Knowing When To Say When.

Looking back at my Training Peaks logs, the last few months have not been easy for me as a cyclist.
 
I've ridden a roller coaster of illness. I'd take a day off, rest and recover, and then hit it again. For a day or week I would feel fine, then I'd crash again. I couldn't consistently hit targets, overdoing it out of overenthusiasm or underperforming from fatigue. To try to shake this pattern, I'd take a couple days off, only falling further behind and trigger a frenzy of activity that would start the whole cycle again. It didn't matter if it was an easy week or a hard week, I'd struggle just to keep my head above water.
 
Eventually it got into my head, and the enthusiasm exited the same door my energy levels left open on their way out.
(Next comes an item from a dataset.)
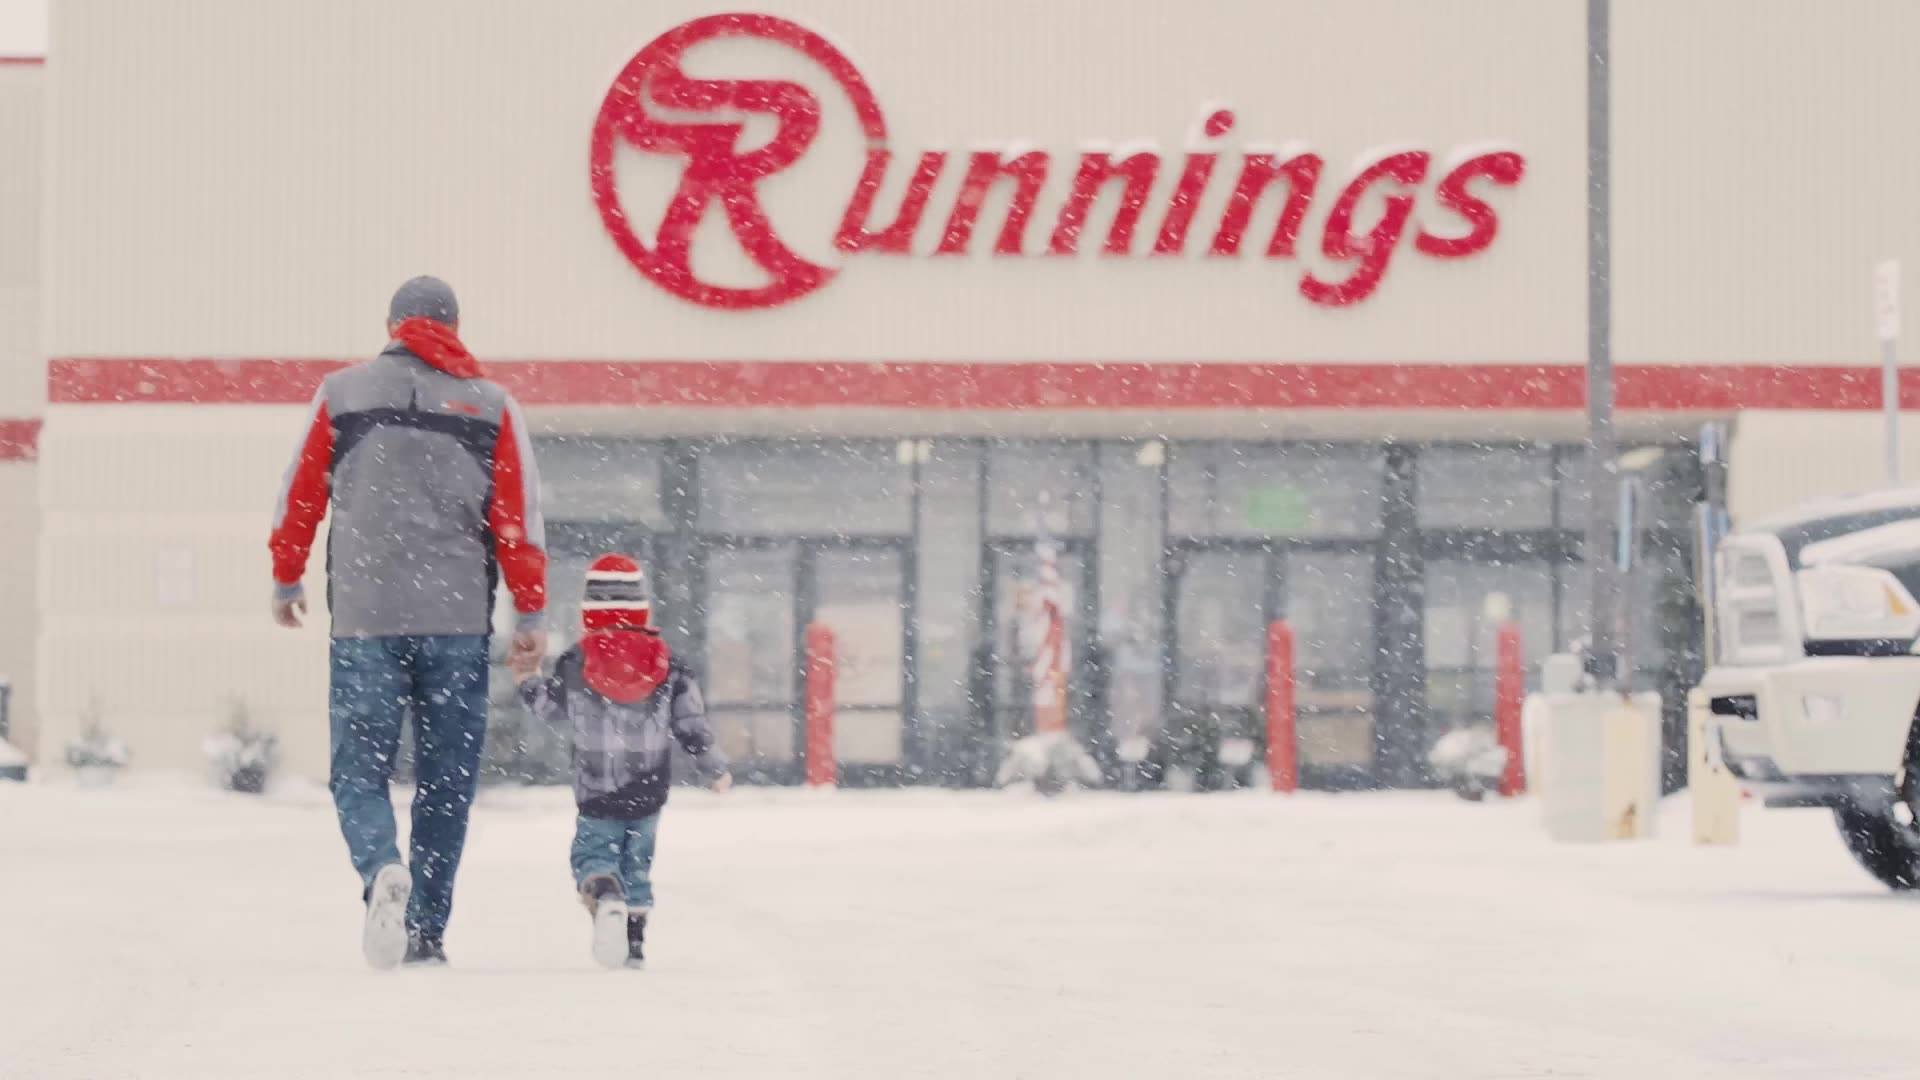 Image of father and son walking to Running store in a snow storm

Getting up early in the morning to get on the trainer or kitting up after a stressful day of work instead of climbing back in bed became a battle I lost more than I'd care to admit. Even when I wasn't sick, someone in the house was, or we had a commitment that gave me a convenient excuse to blow off yet another workout.
 
Along with the deteriorating health and mental state, I started to pack on the pounds. When I'm sick, comfort food is what I want, and for me comfort means "easy/processed/high calorie/wrapped in plastic". I tried every trick I knew to flip the switch, munching on healthier alternatives and trying to moderate my portion sizes. It would cause a horrible binge every time, the kind that would make even Honey Boo Boo question my dietary choices. I'm heavier than I have been in years, and I'm not proud of that either.
 
Yesterday I sent Janice an email telling her I was considering suspending any sort of structured training. Then again, I guess when you don't follow the plan you can't really call it "structured". Despite her best efforts, I haven't been living up to my part of the bargain, and I feel like I need to do something radical to turn things around. I'm fairly sure this season is shot before it even starts, but I'm looking towards the future- the long game. I don't want to be one of those guys who burns out after a few years of racing and never pins on a number again. I really like racing, even if I don't have the motivation or physical condition to train for it at the moment. I feel like if I keep flailing along like I am, I'll end up even more bitter and frustrated than I am on my best days.
 
I think I need sun and miles under my wheels. I need to hit it when the mood strikes and lay off when it doesn't, without feeling like I'm letting anyone down. I'll still watch the clock and the Garmin, because that's how I'm wired, but if the big effort comes on Tuesday instead of Friday, I'll just be happy it ever showed up at all. I may peak for races, and I may crash spectacularly- it will add to the mystery. Maybe lining up without expectations will allow me to develop new skills or try things I wouldn't normally attempt.
 
I'll probably just get dropped a lot.
 
No matter.
 
I think this needs to be the year I "go play bikes".